Temporary until next DSpace Rebuild

This Manual Installation will only work properly until your next DSpace rebuild. The next time you run 'ant update', you will need to copy the DSpace-Replication Suite JAR files (see below) back over to your DSpace installation. For a more "permanent" installation option, see the #Maven-based Installation option above

  1. Download the Replication Suite code
  2. Build/Compile the Replication Suite, by running the following from the root directory
    mvn package
  3. Copy the generated JAR files to your DSpace 1.8 installation.
    1. There are a total of 5 JARs that will need to be copied to your [dspace]/lib/

      • [dspace-replicate]/target/dspace-replicate-[version].jar (The Replication Suite Plugin)

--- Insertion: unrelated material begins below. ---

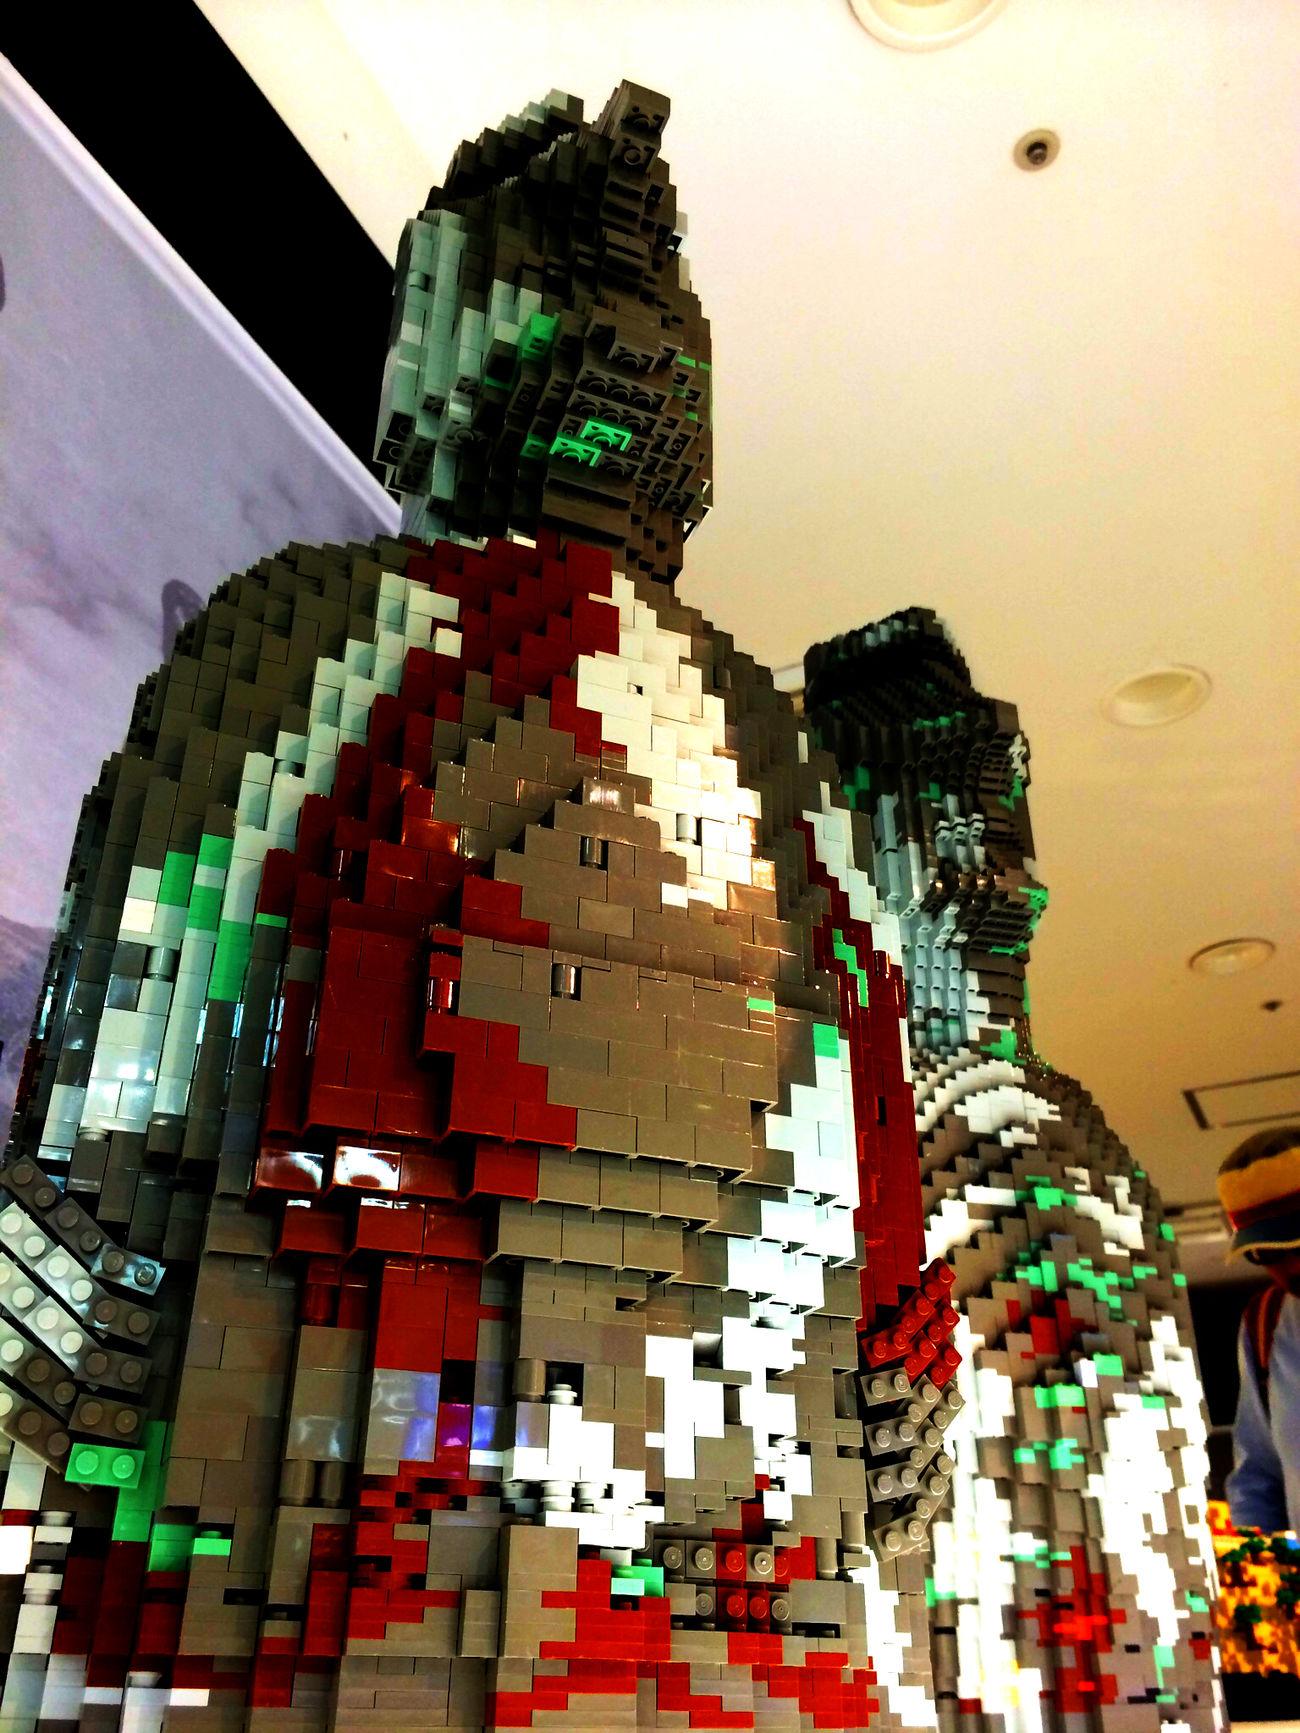 レゴ LEGO の モアイ像 Moai 。最近、地中に埋まっていた、妙に姿勢の良い全身象が発見されたそうですね。
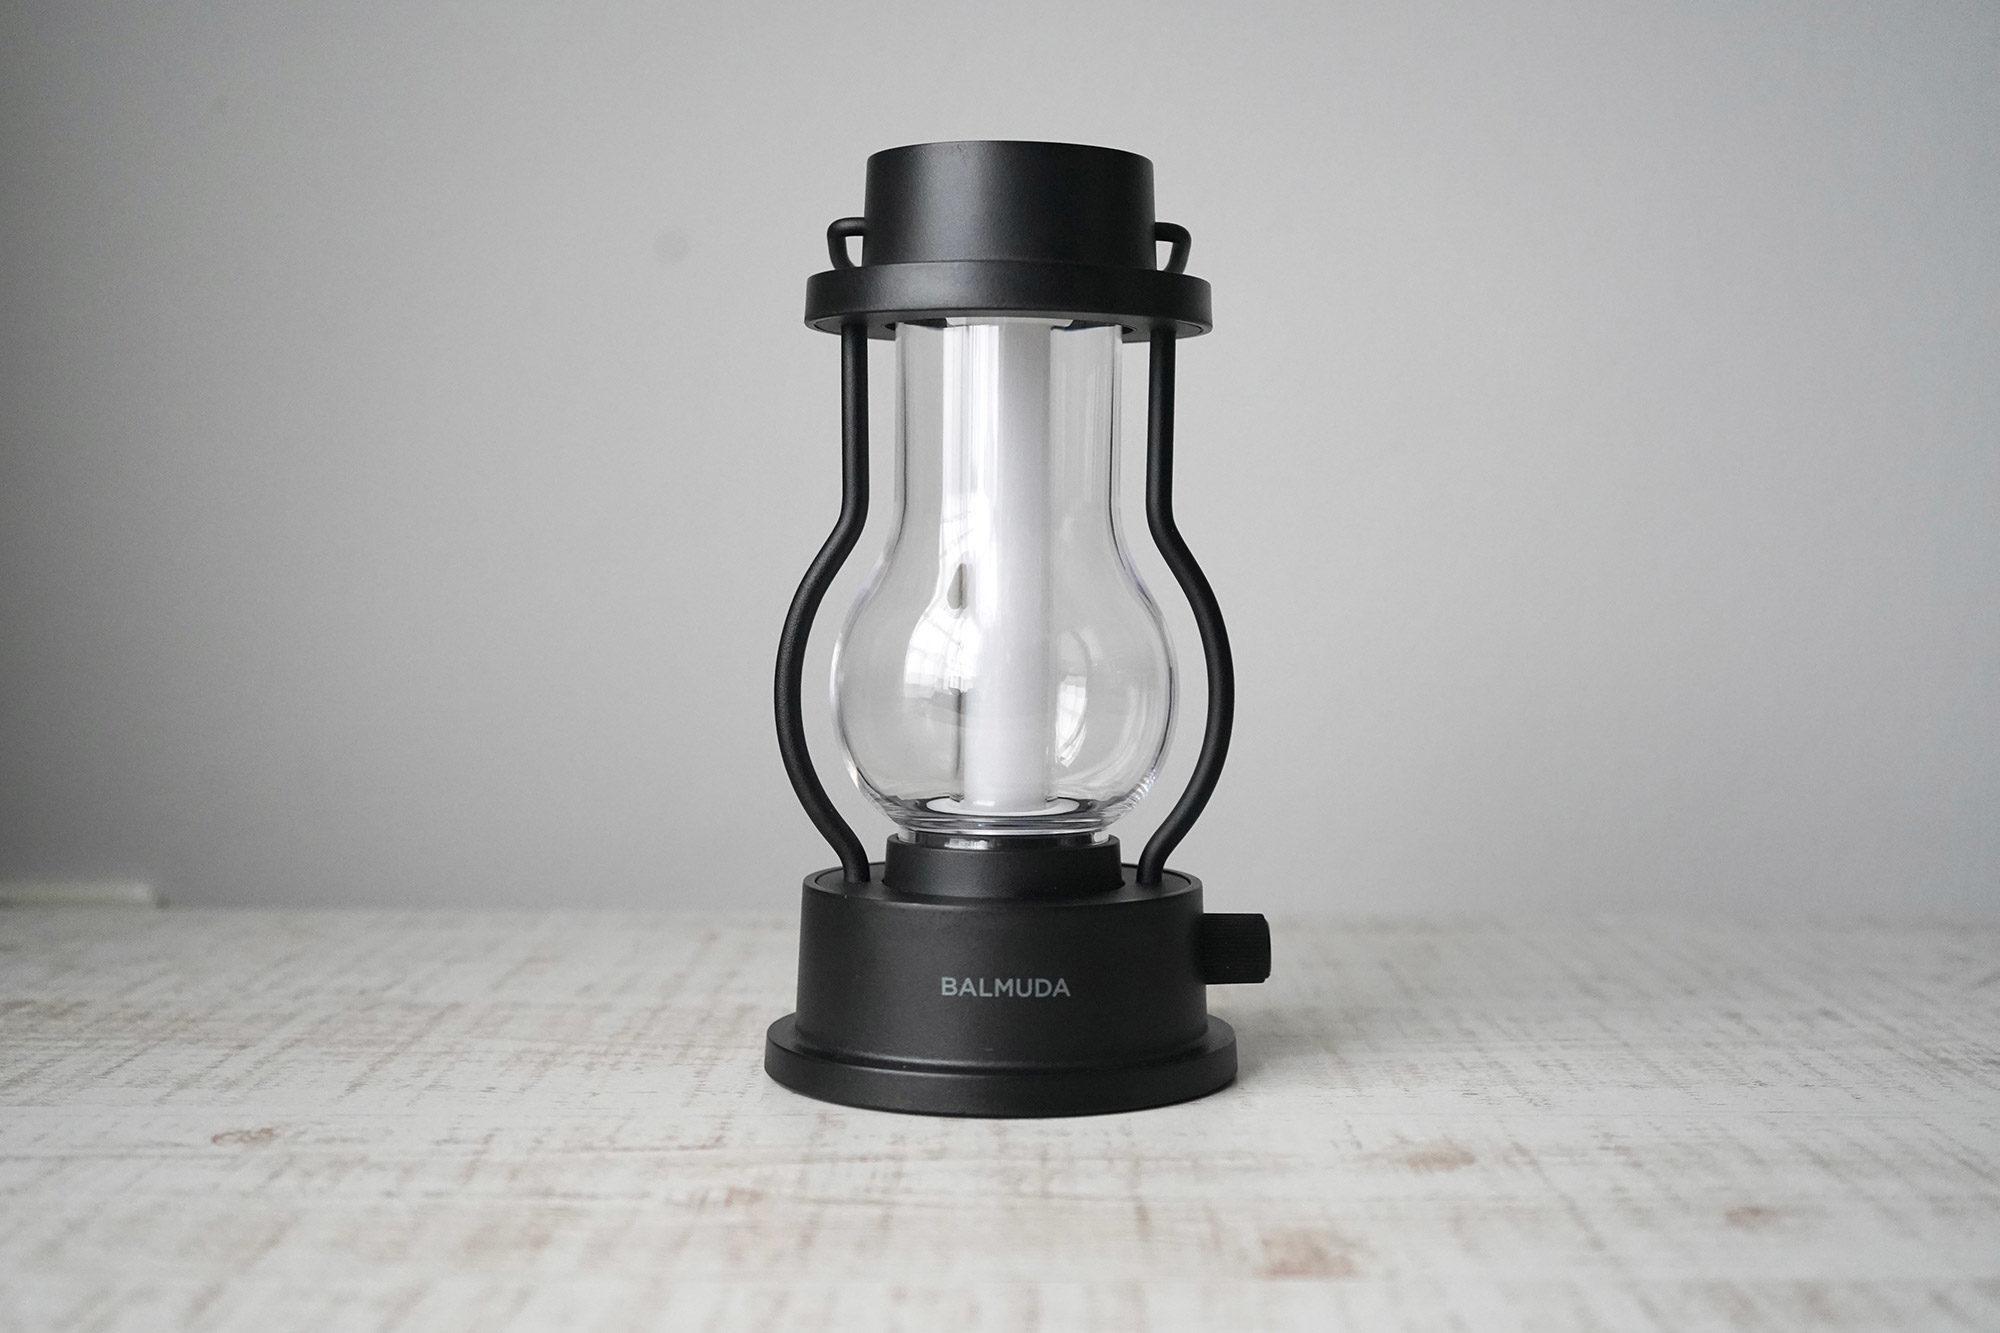 約6時間の充電で3~50時間ほど使えます。温白色の状態だと約3時間しか充電が持たないので注意です。

      • [dspace-replicate]/target/lib/common-[version].jar (DuraCloud common libraries - required for DuraCloud integration)

      • [dspace-replicate]/target/lib/commons-compress-[version].jar (Apache Commons Compress - prerequisite for Replication Suite plugin)

      • [dspace-replicate]/target/lib/storageprovider-[version].jar (DuraCloud storage provider libraries - required for DuraCloud integration)

      • [dspace-replicate]/target/lib/storeclient-[version].jar (DuraCloud store client libraries - required for DuraCloud integration)

    2. Also, copy the above 5 JARs also to your XMLUI web application's WEB-INF/lib directory (e.g. [dspace]/webapps/xmlui/WEB-INF/lib/)

  4. Copy the Replication Suite's configuration files to your DSpace configuration directory
    • Replication Suite Configuration File: Copy [dspace-replicate]/config/modules/replicate.cfg to your [dspace]/config/modules/ directory

    • METS-specific AIP Configuration Settings: Copy [dspace-replicate]/config/modules/replicate-mets.cfg to your [dspace]/config/modules/ directory

    • DuraCloud Configuration File: Copy [dspace-replicate]/config/modules/duracloud.cfg to your [dspace]/config/modules/ directory

  5. Finally, follow the Configuration settings instructions below to configure the Replication Suite based on your usage needs.
    • There is a sample curate.cfg file provided in [dspace-replicate]/config/modules/curate.cfg which can be used as a reference. It is pre-configured to use the DSpace AIP Format (METS-based packaging).

Configuration

Configuration of the Replication Task Suite is based entirely on your local institution's backup, restore and preservation needs.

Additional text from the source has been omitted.